Protocol Buffers releases new features in editions. Each edition has a default feature configuration, explicit option specification can override feature configuration. Major features include the treatment of field presence, encoding of repeated primitive fields, and encoding of nested messages. Earlier, features were associated with versions of the message description language.

2.16.1. Message Description Language

The message description language defines each message as a set of fields. Each field has a type, a name, and a key, which identifies the field inside serialized messages. Standard fields are present in a message at most once, with explicit presence tracking performed by default. Repeated fields can be present an arbitrary number of times.

Protocol Buffers Message Specification Example

edition = "2023";

// File level options supported.
option optimize_for = SPEED;

message SomeMessage {

    // Field identifiers reserved after message changes.
    reserved 8, 100;

    // Many integer types with specific encodings.
    int32 aMostlyPositiveInteger = 1;
    sint64 aSignedInteger = 2;
    uint64 anUnsignedInteger = 3;
    fixed32 anOftenBigUnsignedInteger = 4;
    sfixed32 anOftenBigSignedInteger = 5;

    // String always with UTF 8 encoding.
    string aString = 10;

    // Another message type.
    AnotherMessage aMessage = 111;

    // Variable length content supported.
    repeated string aStringList = 333;
    map <int32, string> aMap = 444;

    // Field level options supported.
    int32 aDeprecatedInteger = 666 [deprecated = true];
    float aFloatWithoutPresenceTracking = 222 [features.field_presence = IMPLICIT];

    // Extension field range.
    extensions 1234 to 5678;
}

extend SomeMessage {
    // Extension field in extension field range.
    int32 anExtensionField = 1234;
}
  • A spectrum of basic types

  • Packages and nested types

  • Fields can be repeated

  • Fields have presence tracked unless disabled

  • Explicit field identifiers for versioning

  • Options tune code generation

  • Extensions reserve fields

Historically, the field presence has three choices. The EXPLICIT presence tracking serializes fields whose value was set even if it is the default value. The IMPLICIT presence tracking serializes fields whose value is not the default value. The LEGACY_REQUIRED presence tracking always serializes fields, but is considered problematic for evolving specifications.
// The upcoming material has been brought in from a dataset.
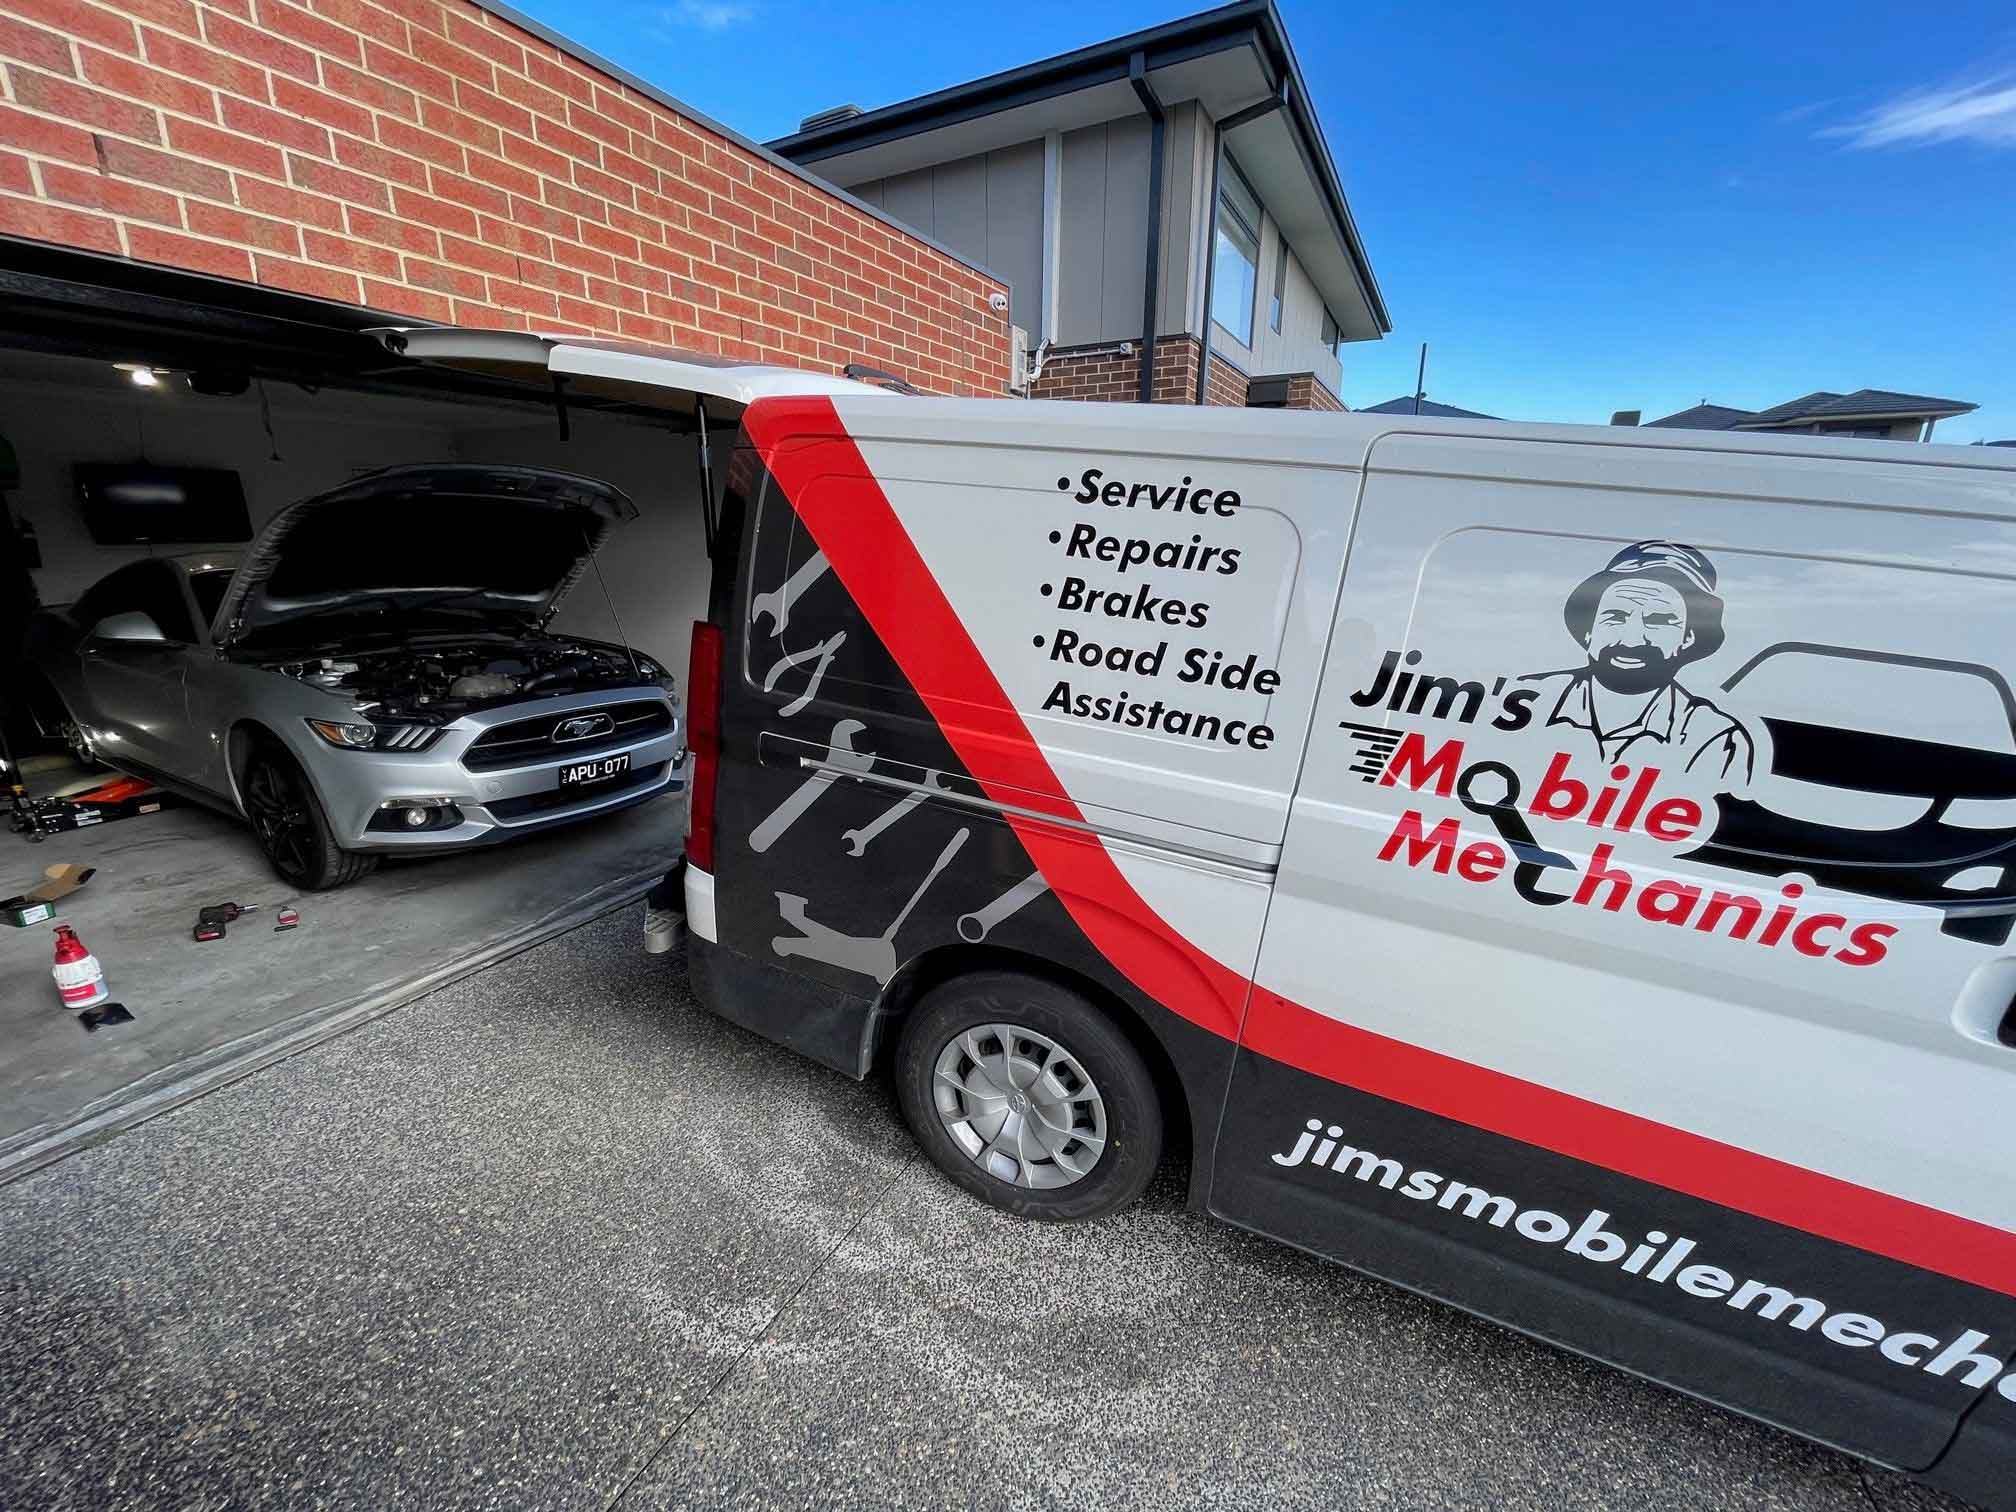 Jims mobile mechanics auto mechanics near me sydney

Protocol Buffers Primitive Field Types

Integer Types. 

(s)fixed(32|64)

Integers with fixed length encoding

(u)int(32|64)

Integers with variable length encoding

sint(32|64)

Integers with sign optimized variable length encoding

Floating Poing Types. 

float

IEEE 754 32 bit float

double

IEEE 754 64 bit float

Additional Primitive Types. 

bool

Boolean

bytes

Arbitrary sequence of bytes

string

Arbitrary sequence of UTF-8 characters

Protocol Buffers More Field Types

Oneof Type. 

message AnExampleMessage {
    oneof some_oneof_field {
        int32 some_integer = 1;
        string some_string = 2;
    }
}
  • Assigning one field clears others

Enum Type. 

enum AnEnum {
    INITIAL = 0;
    RED = 1;
    BLUE = 2;
    GREEN = 3;
    WHATEVER = 8;
}
  • Must include zero

Any Type. 

import "google/protobuf/any.proto";
message AnExampleMessage {
    repeated google.protobuf.Any whatever = 8;
}
  • Internally a type identifier and a value

  • Type identifier is URI string

  • Value is byte buffer

Map Type. 

message AnExampleMessage {
    map<int32, string> keywords = 8;
}

See https://github.com/protocolbuffers/protobuf/blob/main/src/google/protobuf/descriptor.proto for the full list of available options that tune code generation. Options can be associated with a file, a type, or a field.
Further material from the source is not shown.